Centering a transnational feminist cultural studies approach, this course will explore a variety of contemporary visual imaging technologies that privilege the body and encourage students to develop critical analytical skills to interrogate the world in which they currently live. Analyzing the production, circulation, and consumption of visual cultural productions (in addition to their representational aspects), the course will ask what the role of visuality is in constructing ideologies of gender, race, sexuality, and national identity. Specifically we will focus on the ways that visual culture focused on the body travels within and across national borders, and the role of such gendered, racialized, and classed mobilities in colonialisms, capitalisms, and practices of war.

Each week, students will post 1 blog entry about the week's course materials by 9:00 pm on the date listed on the syllabus. Further, students will then post 2 comments on their classmates' blog posts by 9:00 pm on the next day.
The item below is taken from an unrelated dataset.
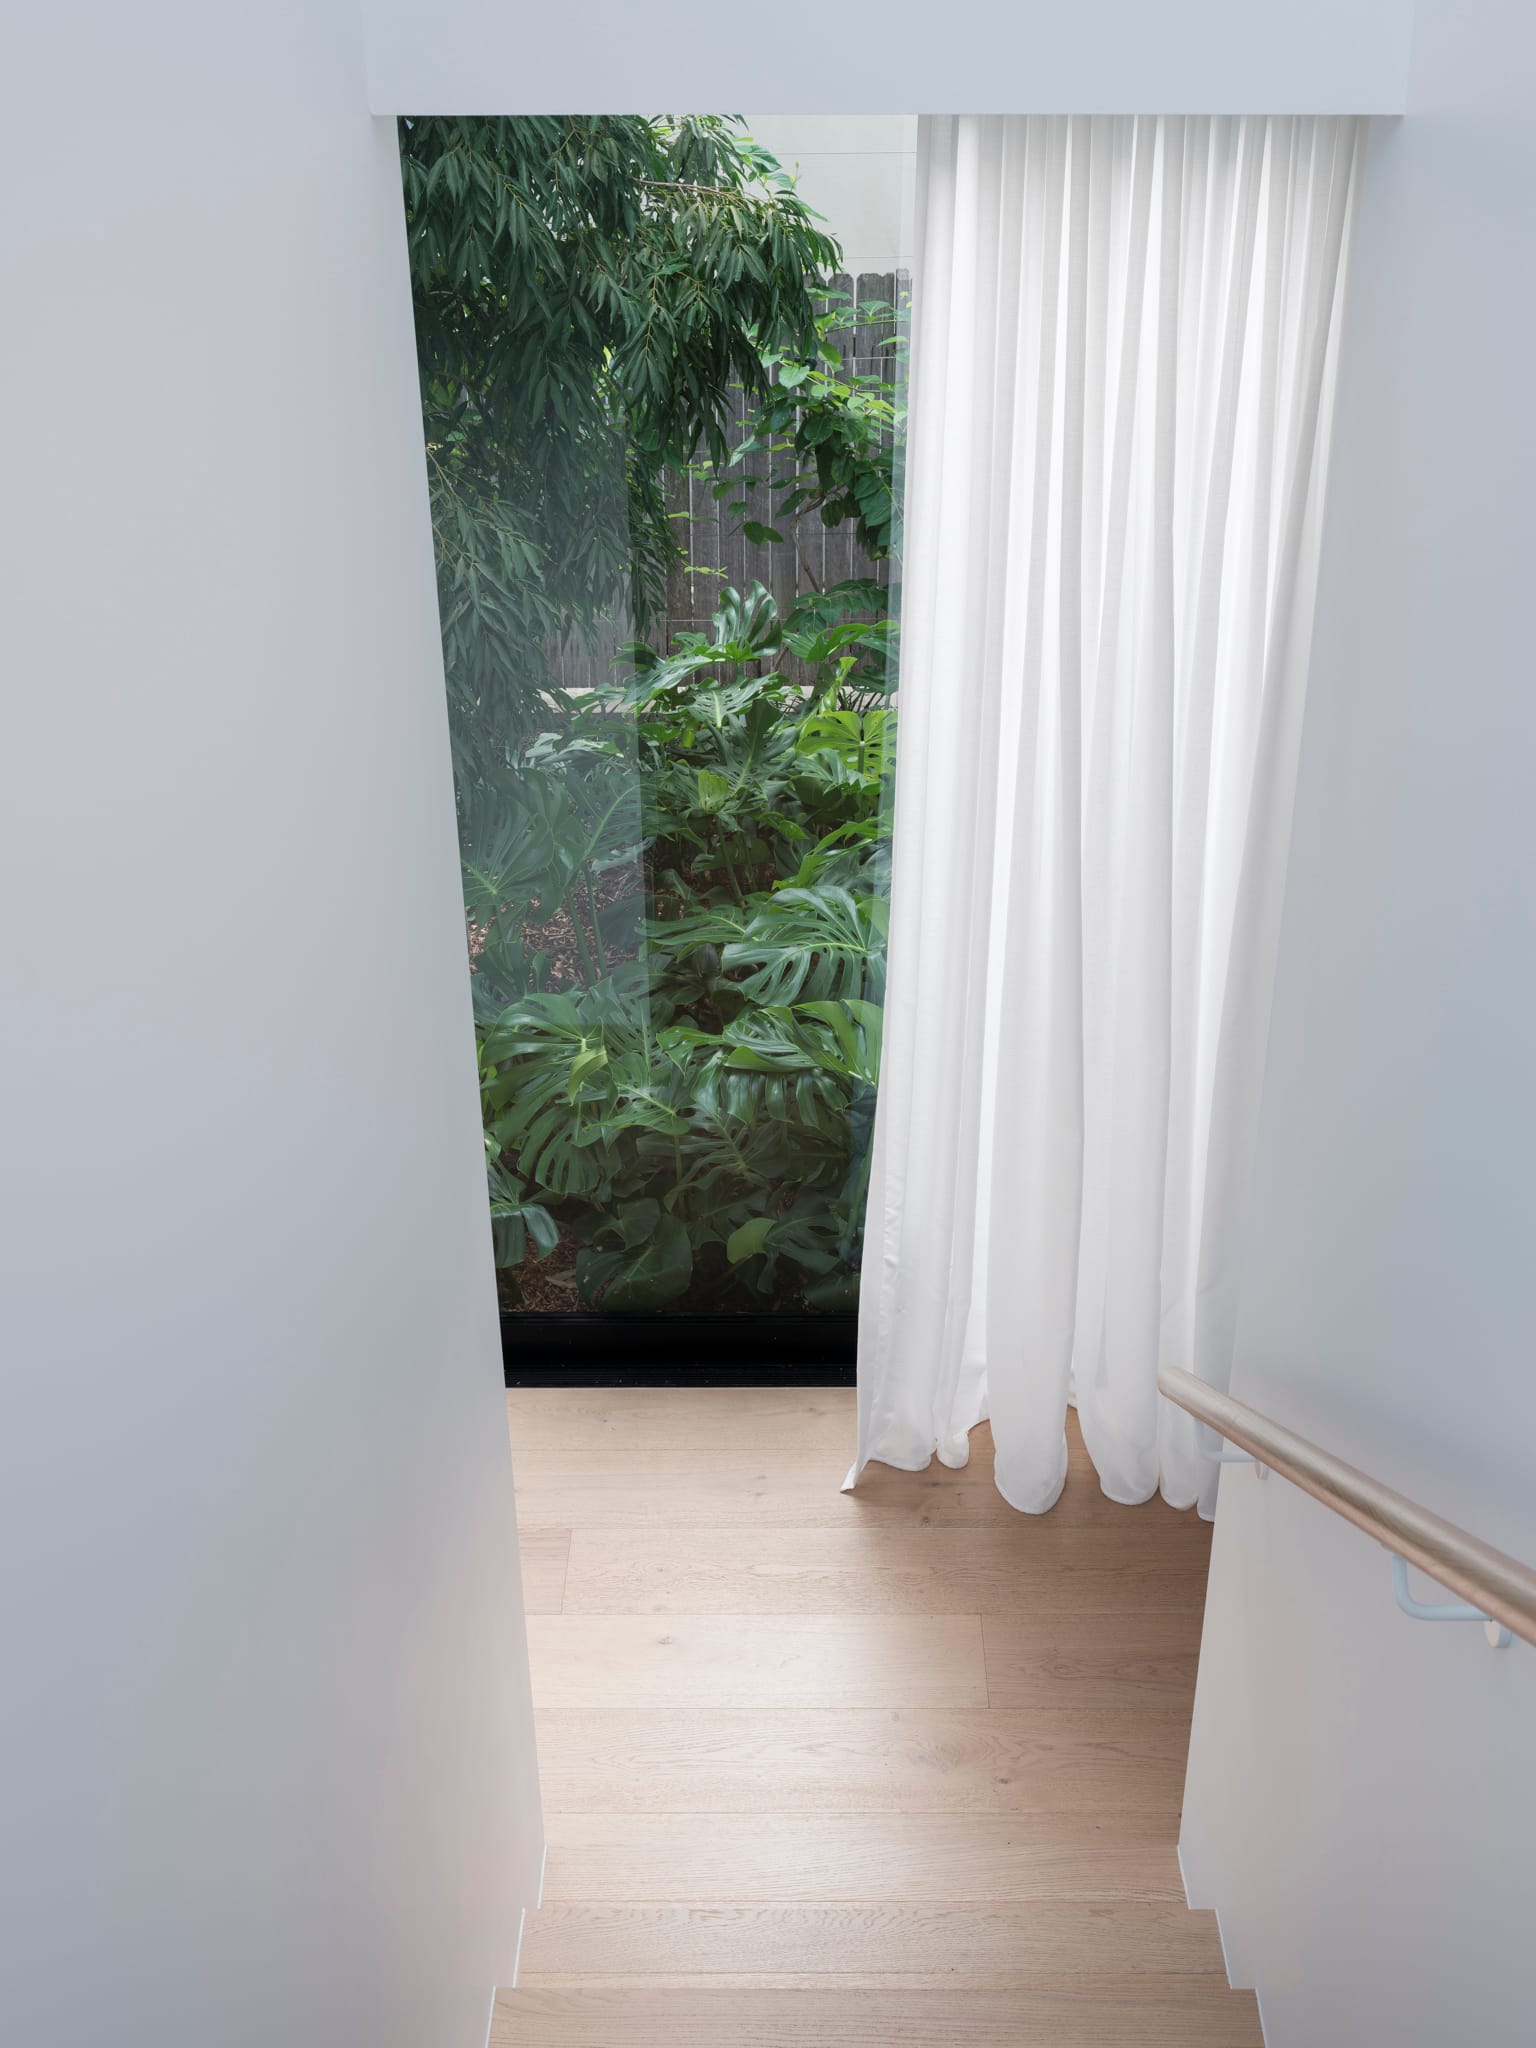 Bellevue House by Carla Middleton Architects. Photography by Tom Ferguson. Floor-to-ceiling window overlooking indoor courtyard at the end of a timber staircase. White curtains and walls.

These comments should be thoughtful considerations, and are the place where you can ask questions about your classmates' posts, respond to questions they pose, link to other visual media, or evaluate what conversations your classmates' posts enable.

I encourage you to embed links in both your blog post and your comments to articles, definitions, and especially images, videos, and other web ephemera that you find relevant to the week's material. This is obviously a class about visual culture and imaging technologies, and I encourage you to link the scholarly articles and cultural productions from class to other visual media you encounter in your lives.

If you are new to blogging, don't fear--we will discuss this assignment throughly on the 1st day of class, as well as go over what constitutes a good blog post.